Lime can reduce climate change

Carbon emissions could be reduced if we use lime in place of cement as cement production now accounts for 5% of the world’s emissions of CO2 - and the invertible expansion of the industry means this figure is on the rise. Most people are not even aware that making cement produces carbon dioxide.

Under pressure the cement producers now appear to be admitting they make unjustifiable contribution to the planets greenhouse-gas emissions and are being forced to reduce their impact on our fragile planet. But their efforts, such as burning waste products with coal, reworking recipes and trying to make plants more energy-efficient, have achieved only "little success".
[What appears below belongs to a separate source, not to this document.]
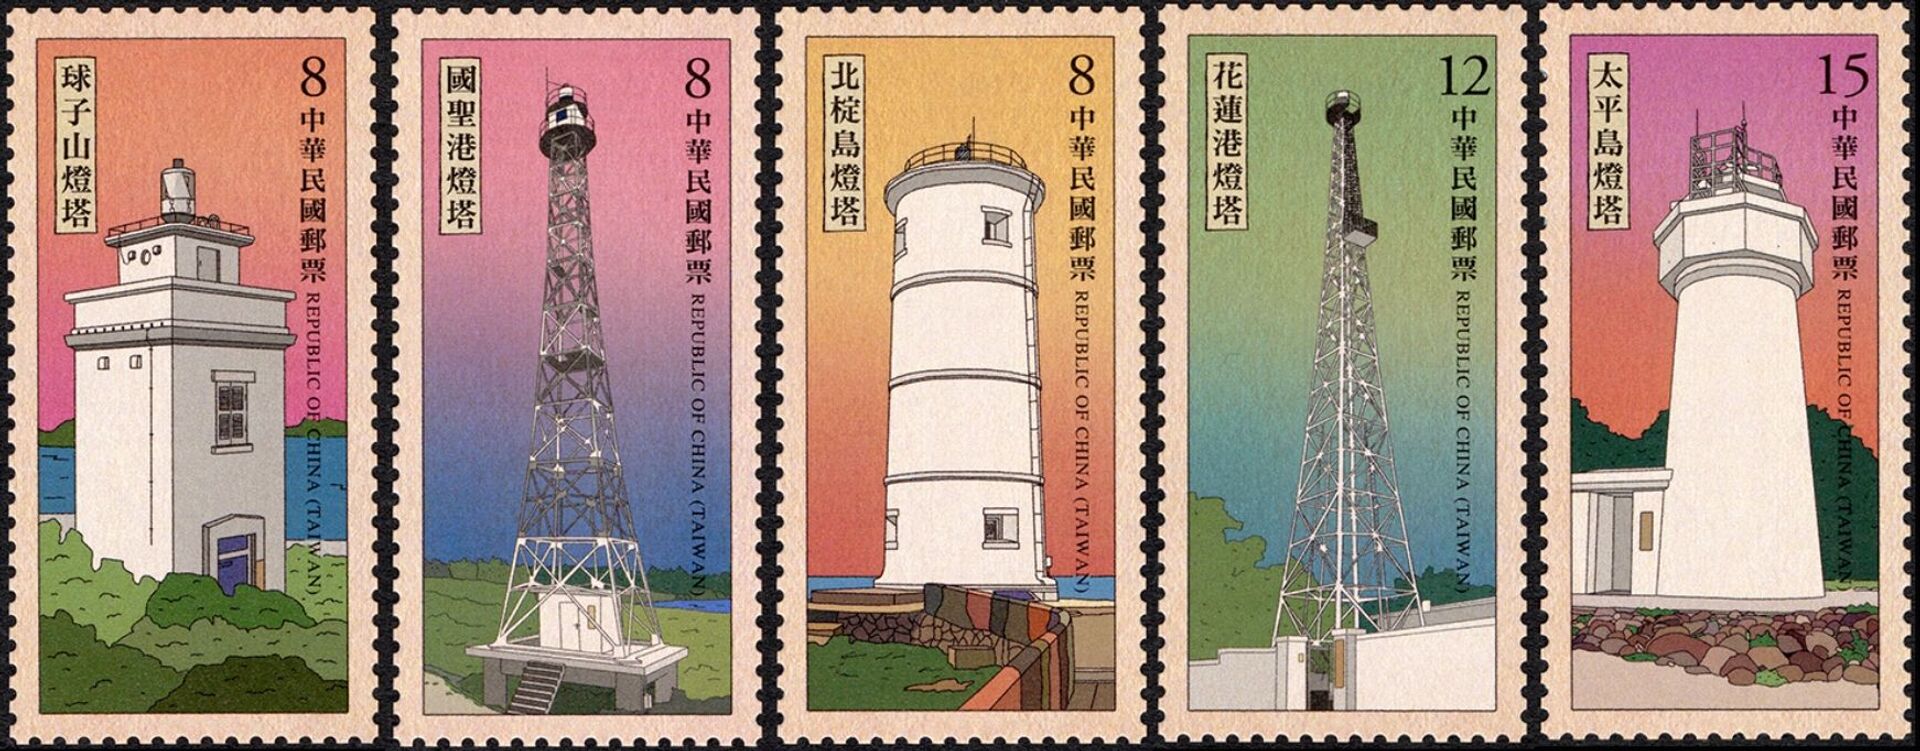 Trường Sa là của Việt Nam: Phẫn nộ vì bộ tem Đài Loan vi phạm chủ quyền - Sputnik Việt Nam, 1920, 13.04.2021

You would be justified in saying that producers of cement "can't change the chemistry, so they can never achieve spectacular cuts in emissions”. But there is a substitute “a material that has been used for thousands of years and is well documented and has stood the test of time and it is called lime and was used by civilizations such as the romans for who’s building still stand to this day, it is should not be brushed aside as lime has the potential to play a leading role in its industry in carbon reduction.

Lime has been used for building for 10,000 years, whereas Portland cement was only invented in 1824. Rome has a lime concrete dome spanning over 43 meters that has stood tall for over 1,800 years, and there is a huge number of old buildings in Britain that are built with lime mortar, including a large amount of the better built and more attractive looking buildings.

The use of lime has been forced aside by the use of Portland cement during the late 19th and early 20th centuries. Cement sets faster and demands less skill in its application. Over the past 20 years, though, lime has enjoyed a revival after the harm caused to old buildings by cement became apparent. More recently, although the science of using lime concrete for engineered reinforced structures with large spans has yet to be developed, interest in the use of lime for new construction has grown as a result of its ecological credentials.

Lime requires less energy to produce than cement because limestone, the basic raw material, can be burned at lower temperatures - 900-1,000C rather than 1,300C or higher. Also, some of the CO2 created during firing is reabsorbed by lime as it hardens. And lime can be produced locally on a small scale, cutting pollution by limiting transport distances.

In contrast to cement, lime mortar is able to accommodate structural movement due to settlement or temperature changes in different seasons without significant cracking. This eliminates the need for expansion joints, which reduce the lifespan of many modern buildings because the sealant filling them deteriorates in sunlight and admits moisture. When buildings reach the end of their lives, lime is soft enough to allow the masonry to be taken apart and reused. Cement will potentially add to landfill problems for generations to come.

Last but not least, lime's ability to control moisture means it is compatible with low-energy, sustainable materials, such as water reed, straw, hemp, timber and clay.

The appropriate use of lime, therefore, can assist us both in conserving our past and creating buildings that are more green-friendly in the future.